Ornstein3.6-35B-A3B-RYS
A RYS-enhanced version of DJLougen/Ornstein3.6-35B-A3B, with an optimal layer duplication applied using the RYS Brain Scanner method from Ng (2026). No weights were modified — a single critical layer was identified and duplicated, yielding a +49% improvement on combined reasoning and instruction-following benchmarks.
See also: DJLougen/Ornstein3.6-35B-A3B (base fine-tune) | DJLougen/Ornstein3.6-35B-A3B-SABER (SABER ablation applied on top)
Support This Work
I'm a PhD student in visual neuroscience at the University of Toronto who also happens to spend way too much time fine-tuning, merging, and quantizing open-weight models on rented H100s and a local DGX Spark.
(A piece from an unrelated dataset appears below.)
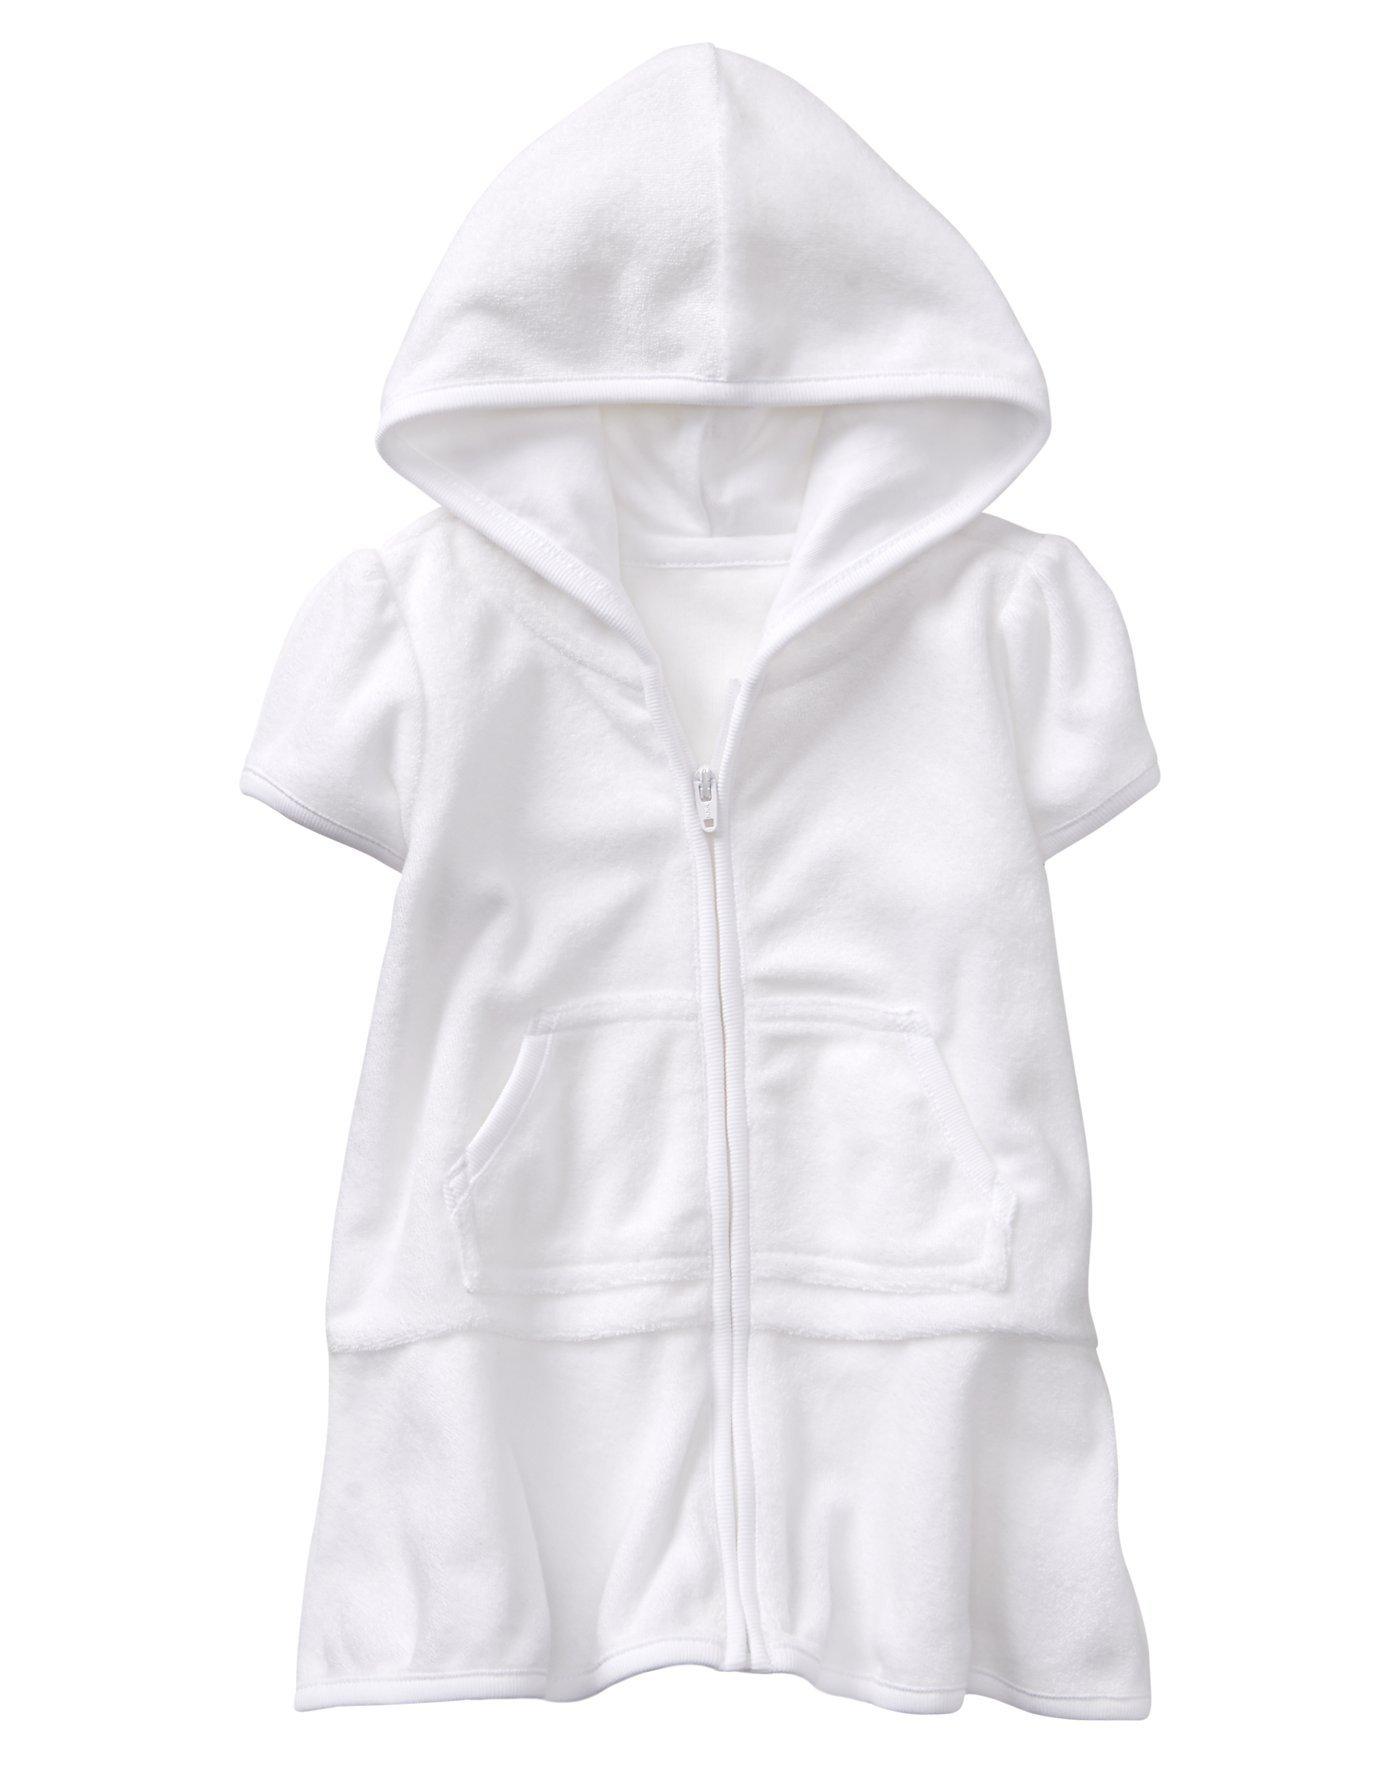 Gymboree Girls' Toddler Hooded Swim Cover Up with Kangaroo Pocket, White, 18-24 mo

All training compute is self-funded — balancing GPU costs against a student budget. If my uploads have been useful to you, consider buying a PhD student a coffee. It goes a long way toward keeping these experiments running.
RYS Brain Scan Results
The RYS method (Ng, 2026) performs an exhaustive sweep of all possible layer duplication configurations (i, j), where layers i through j-1 are repeated in the forward pass. Two orthogonal probe sets — hard arithmetic and constrained instruction following — score each configuration. The resulting heatmap reveals the functional circuit boundaries of the transformer's reasoning anatomy.
Optimal Configuration
| Metric | Baseline | After RYS (i=10, j=11) | Delta |
|---|---|---|---|
| Math (hard arithmetic) | 0.404 | 0.968 | +139% |
| IFO (instruction following) | 0.875 | 0.938 | +7.2% |
| Combined | 1.279 | 1.905 | +49% |
- Surgery applied: Layer 10 duplicated (single layer)
- New layer count: 41 (up from 40)
- Sweep: 820 (i, j) configurations evaluated across 40 layers
- No weights modified — the duplicated layer is an exact copy
What This Means
Layer 10 sits at 25% depth in the network — right in the region where early feature extraction transitions into abstract reasoning. Duplicating this single layer gives the model a second pass through a critical reasoning circuit, dramatically boosting arithmetic accuracy while preserving instruction-following ability.
Details
- Developed by: DJLougen
- Architecture:
Qwen3_5MoeForCausalLM— Qwen 3.6 MoE with linear + full attention interleaved (Gated Delta Net) - Parameters: 34.66B total, ~3B active (256 experts, 8 active per token)
- Hidden size / layers: 2048 / 41 (40 original + 1 duplicated)
- Context length: 262,144 tokens
- License: Apache 2.0
- Base model: DJLougen/Ornstein3.6-35B-A3B
- Method: RYS Brain Scanner (Ng, 2026)
Usage
Transformers
from transformers import AutoModelForCausalLM, AutoTokenizer
model_id = "DJLougen/Ornstein3.6-35B-A3B-RYS"
tok = AutoTokenizer.from_pretrained(model_id)
model = AutoModelForCausalLM.from_pretrained(model_id, torch_dtype="auto", device_map="auto")
messages = [{"role": "user", "content": "Explain mixture-of-experts routing in one paragraph."}]
inputs = tok.apply_chat_template(messages, add_generation_prompt=True, return_tensors="pt").to(model.device)
out = model.generate(inputs, max_new_tokens=512)
print(tok.decode(out[0][inputs.shape[-1]:], skip_special_tokens=True))
Citation
If you use this model or the RYS method:
@article{ng2026rys,
title = {LLM Neuroanatomy: How I Topped the LLM Leaderboard Without Changing a Single Weight},
author = {Ng, David Noel},
year = {2026},
month = {March},
url = {https://dnhkng.github.io/posts/rys/}
}
License
Apache 2.0 — inherited from the Qwen 3.6 base release.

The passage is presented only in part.